A divided three-judge panel said the trial judge erred in failing to give the jury a requested clarification as to how aggravating and mitigating circumstances are weighed under Nevada law. Because the clarification might have resulted in a unanimous verdict, Judge Stephen Reinhardt wrote for the Ninth Circuit, there was no manifest necessity for the ensuing mistrial and any retrial would violate the Double Jeopardy Clause.
According to testimony and news accounts, the defendant, James M. Harrison, was a racist skinhead nicknamed “Evil” who, along with Anthony Prentice, had murdered Daniel Miller, an older man who had befriended Prentice after his earlier troubles with the law.
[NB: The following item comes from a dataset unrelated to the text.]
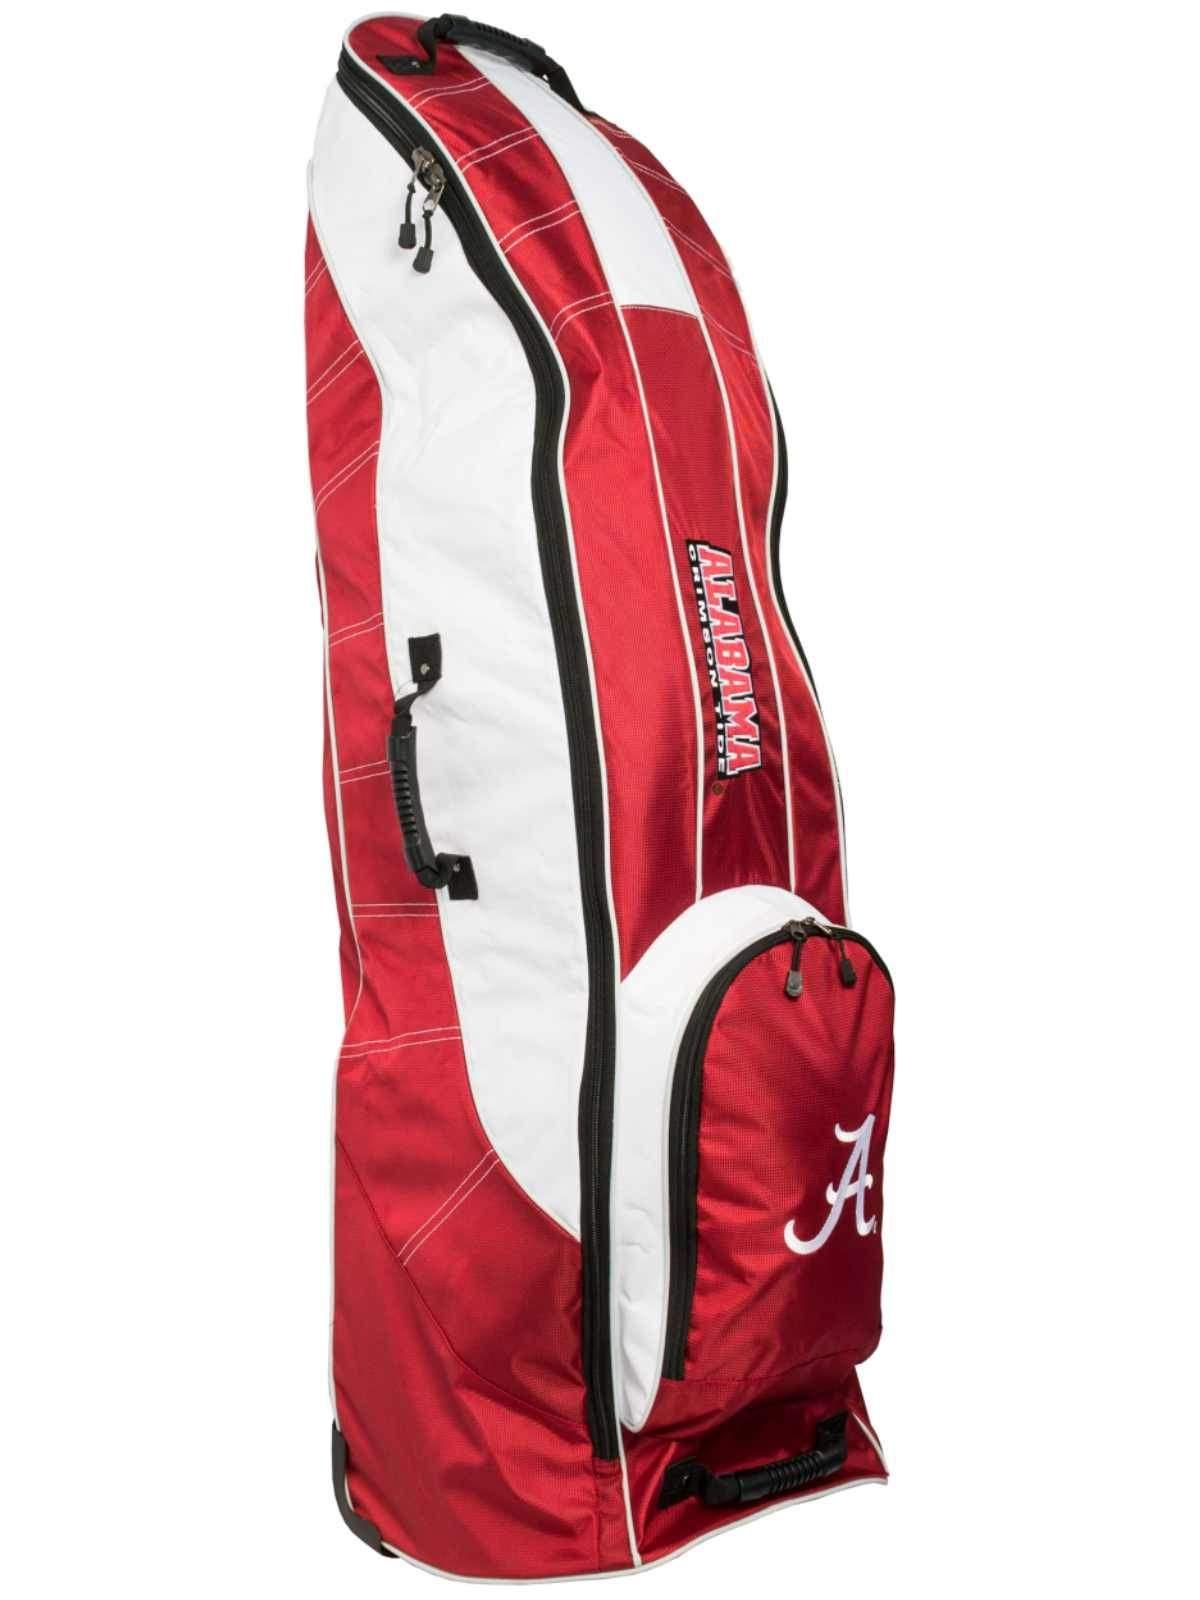 Alabama Crimson Tide Team Golf Red Golf Clubs Wheeled Luggage Travel Bag 2cec9e98ed

Prentice was convicted in a separate trial and sentenced to life imprisonment without parole.
After jurors found Harrison guilty of first degree murder and conspiracy, the trial went to a penalty phase. The judge instructed the jury that under Nevada law, they could return a death penalty verdict only if one or more aggravating circumstances were proved beyond a reasonable doubt, and only if those circumstances outweighed any mitigating circumstances beyond a reasonable doubt.
Even if the prosecution met its burden, the judge added, jurors could still impose a life-without-parole, life-with-possibility-of-parole, or fixed-term-with-possibility-of-parole sentence.
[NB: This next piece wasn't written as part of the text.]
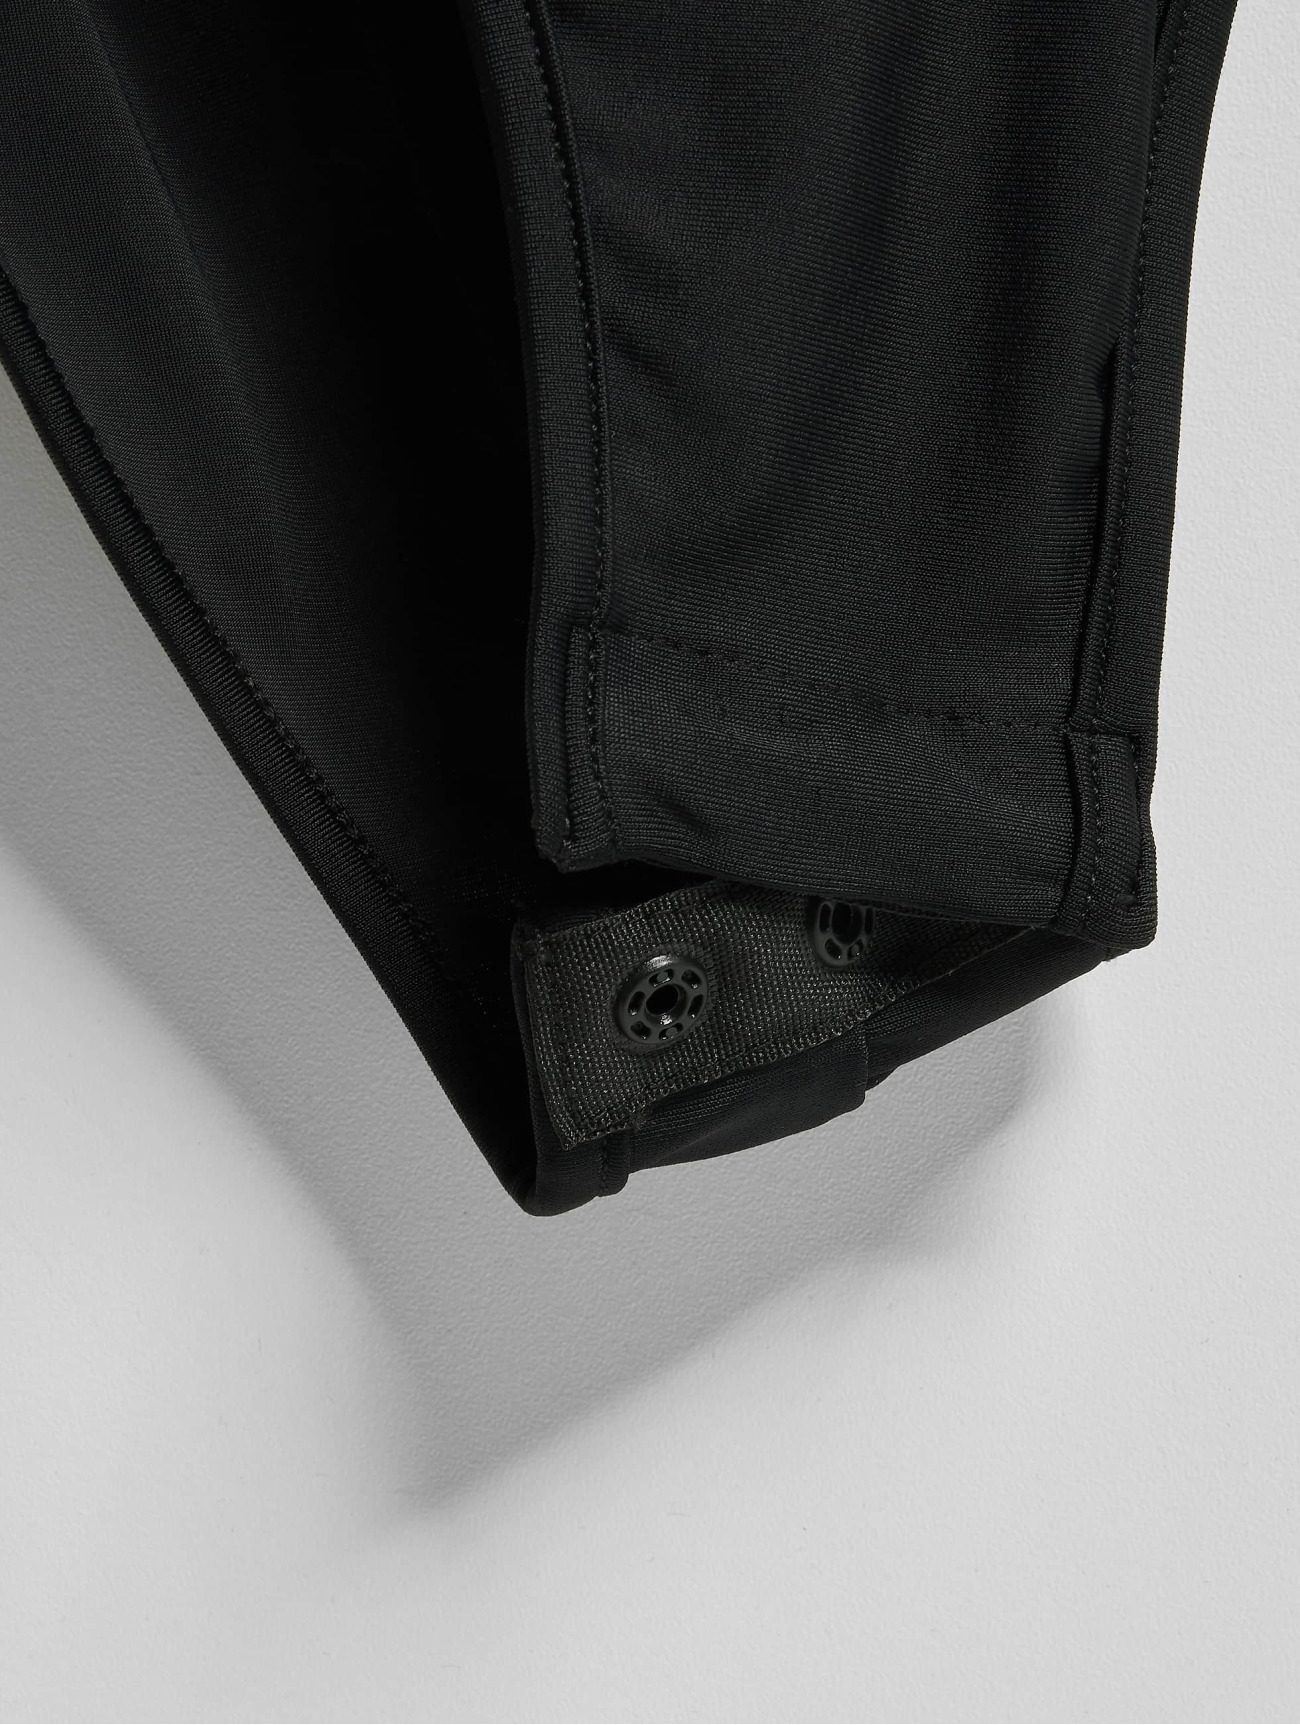 Sixth June Overwear / Body Waist Buckle in black 723654

When jurors indicated they were deadlocked, one of the defense lawyers urged the judge to poll the jury, first as to whether aggravating circumstances had been proven, and then, if so, whether the mitigating circumstances outweighed the aggravating circumstances.
Prosecutors argued that such a poll would be contrary to state law. The judge apparently agreed, saying the jury’s answers to the questions could only be determined from the verdict form.
Ultimately, the judge ordered the verdict forms collected. There were two signed and dated forms, one indicating that the jury found as an aggravating factor that the victim had been mutilated and another indicating that the jury had found 24 mitigating factors.
The forms containing the sentencing options were blank. The judge then dismissed the jury and declared a mistrial.
Affidavits subsequently filed by the defense in support of a motion to bar the death penalty indicated that jurors were unanimous in concluding that the death sentence should not be imposed and that nine of 12 favored life without parole, with the remainder favoring life with possibility of parole.
The judge denied the motion. Harrison challenged the ruling in writ petitions, which the Nevada Supreme Court and U.S. District Judge Robert C. Jones denied, saying the jury had not acquitted Harrison of the death penalty.
Reinhardt said it was impossible to definitively determine, based on the verdict forms and the jury’s communications with the court, whether the jury made the factual findings that would have spared Harrison under Nevada law, although it was “possible—even likely” that it did.
But the trial judge, Reinhardt went on to say, committed an abuse of discretion by dismissing the jury without the poll required by the defense and without obtaining the defendant’s consent to a mistrial.
Nothing in the Nevada statutes barred such a poll, nor can the Nevada Supreme Court’s view of the issue be determined from past cases. But courts in some other states have held that a defendant’s polling request should be granted before a mistrial is declared, which Reinhardt said was the persuasive view, particularly under the facts of Harrison’s case.
Senior Judge Procter Hug Jr. concurred, while Judge Barry Silverman dissented.
“The foreperson told the judge in open court, without contradiction, that the jury was deadlocked on the issue of punishment. There is no court case anywhere holding that the constitution requires a state trial judge to ask more specific questions about the status of the jury’s unfinished deliberations in a sentencing matter entrusted to its discretion. In the face of the jury’s return of the unsigned punishment verdict forms, plus the foreman’s statement that the jury was at an impasse as to the sentence, the trial judge did not abuse her discretion in declaring a mistrial and ordering a new sentencing trial.”
The case is Harrison v. Gillespie, 08-16602.